I have not been able to test it yet, but apparently KeyShot 10.x has fixed the ‘butterfly-wing eyelashes’ problem on DAZ figure imports. The problem was previously caused by lack of support for transparency maps, but is now said to be fixed.
Those trying to take Genesis to KeyShot for photoreal may also want the Realistic Skin Shader for Keyshot. Though it’s probably now a lot less hassle just to stick with iRay, now that iRay has seen a number of very major speed-boosts over the last few years.
Blender 3.0 – pose library
Release: new version of MeshLab
MeshLab 2021.05 has been released. Installer downloads are here. The leading free 3D mesh-wrangler can now do ‘pretty’…
“MeshLab now allows to load custom GL shaders”
And texture-map defragmentation, and multi-layer support on .3DS files. Plugins, too.
The fab new stuff we might get… in a few years
Coming up at SIGGRAPH 2021…
StyleCariGAN… “a caricature generation framework based on StyleGAN, which automatically creates a realistic and detailed caricature from an input photo, with optional controls on shape exaggeration and color stylization.”
AgileGAN, apparently an instant cartoon-ifer, less twisted than StyleCariGAN.
Auto-dance timed to the music beats and speed etc. Doesn’t the MikuMiku type software do this already? Well, if it doesn’t, it will soon.
Autocomplete for inking artists, ‘making several short curves to form a longer one’.
Smoke-ring fractal generation. Not exactly Gandalf-quality, but perhaps they can add modifiers for more complexity.

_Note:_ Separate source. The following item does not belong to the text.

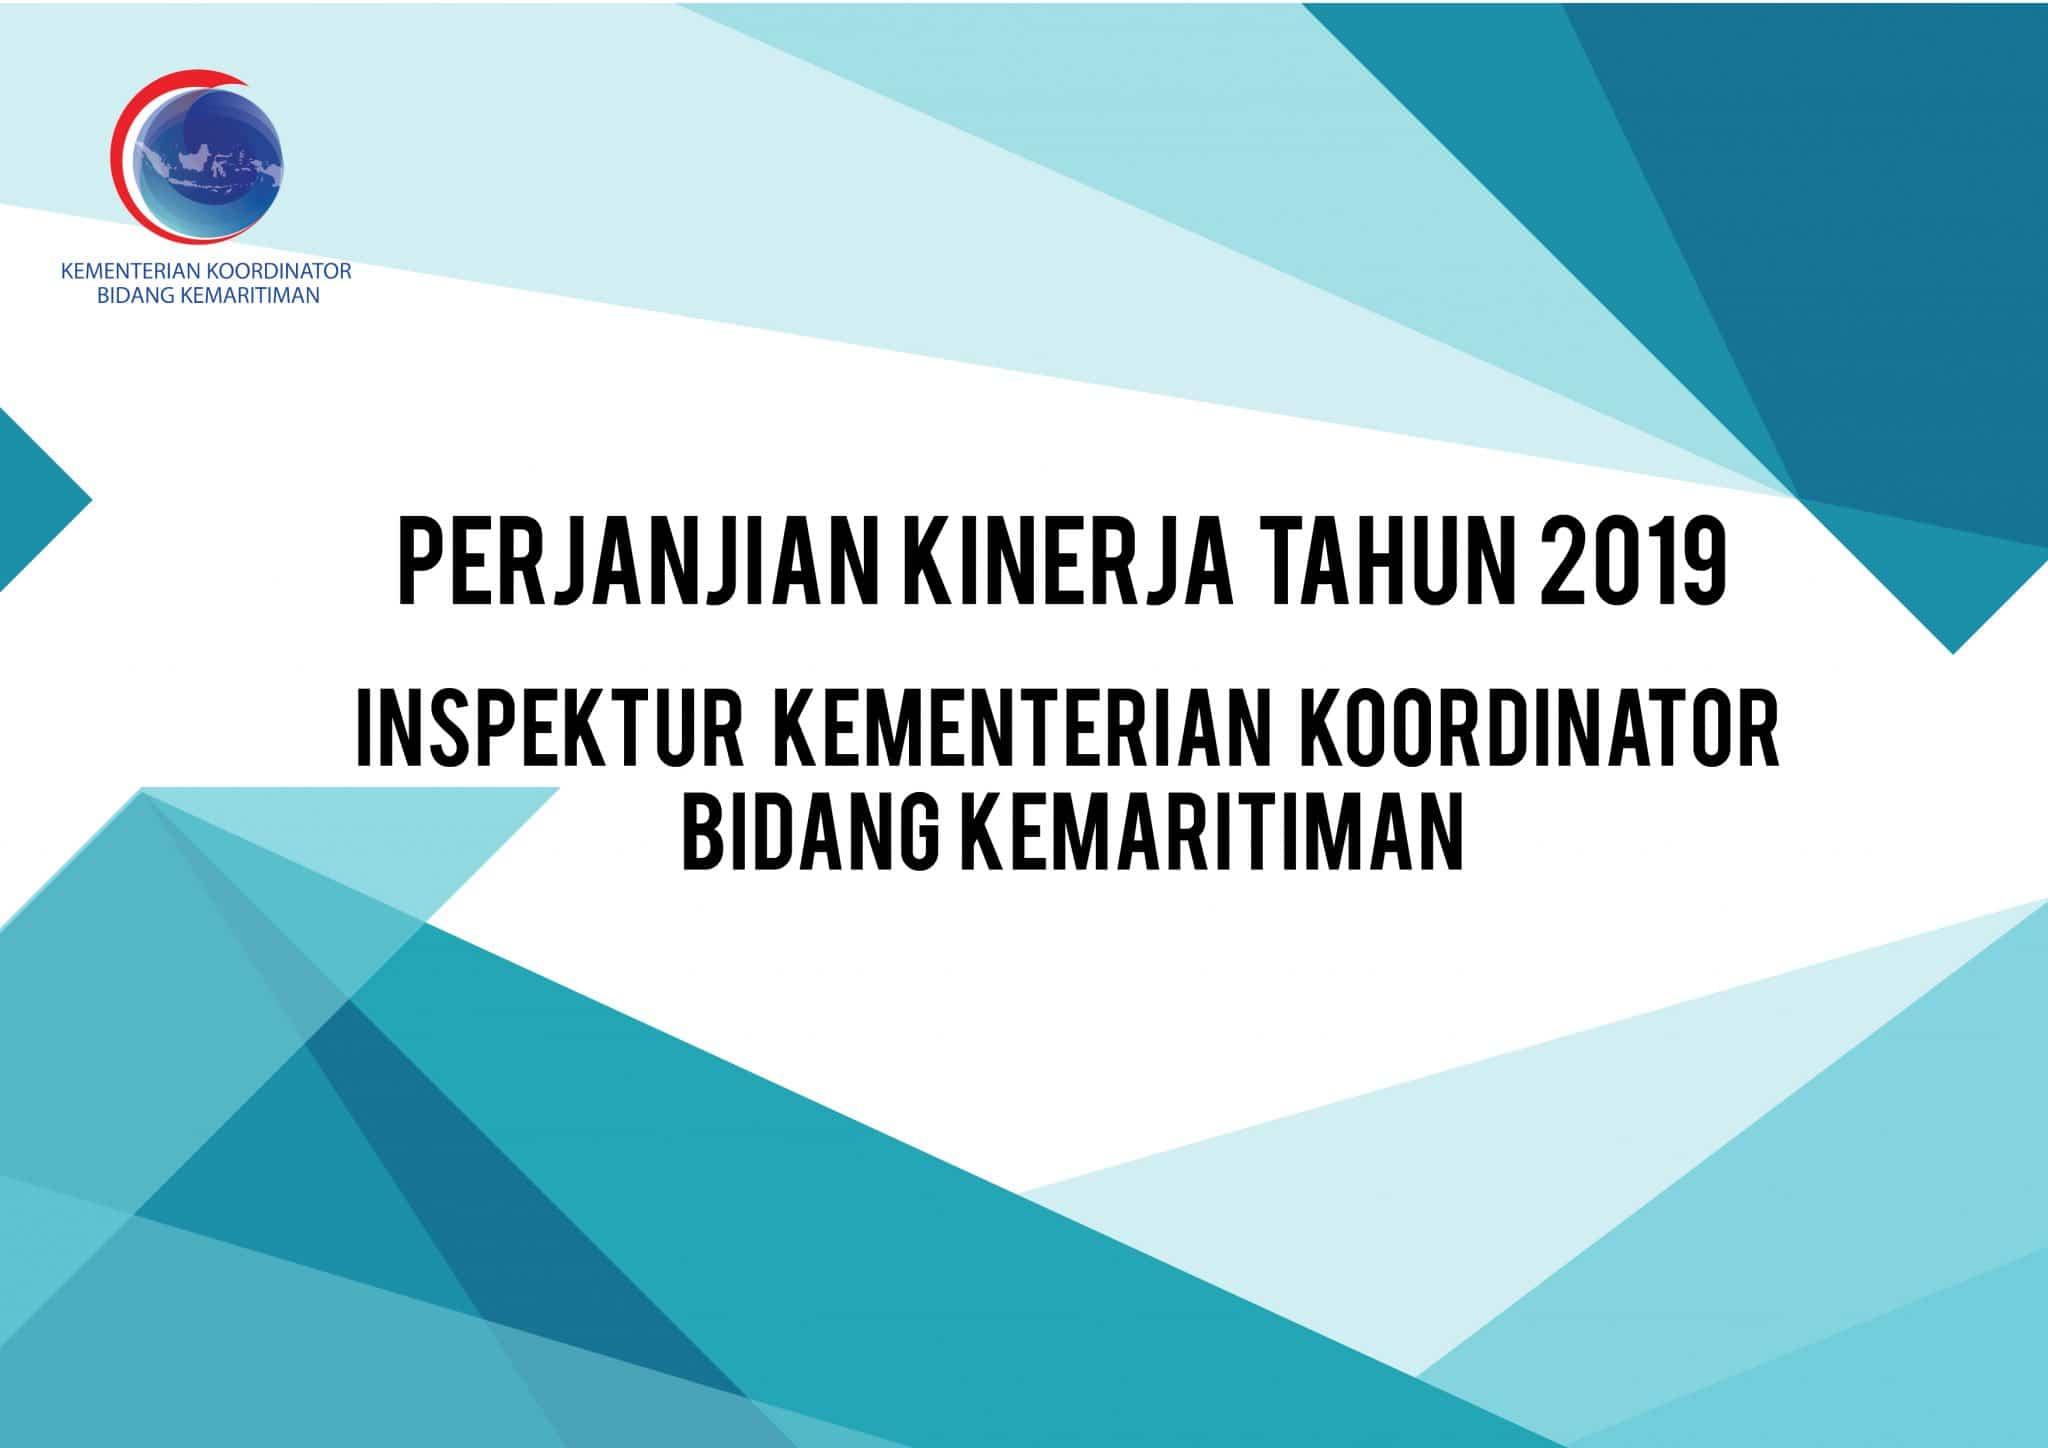 Perjanjian Kinerja Tahun 2019 Inspektur Kementerian Koordinator Bidang Kemaritiman

Realistic melting wax animation simulator.
Loose-mesh fabrics that behave realistically and can be ‘pulled’ onto a figure-part, like knitted socks being pulled onto feet.
Generate “real-world” ecosystems with balanced ecologies. Not sure if the animals get to eat each other.
Identify “internal structures” in a picture, auto-animate them as loops.
Better automatic pallette re-sorting.
Seamless manga inpainting, seemingly “for the first time”. Apparently to be used for auto-removal of speech-bubbles from old paper comics that are not in digital format. Not sure it’s that useful though, as mostly you’d just want to blank rather than remove the bubbles.
No advances in auto-coloring of greyscale paintings, by the look of it.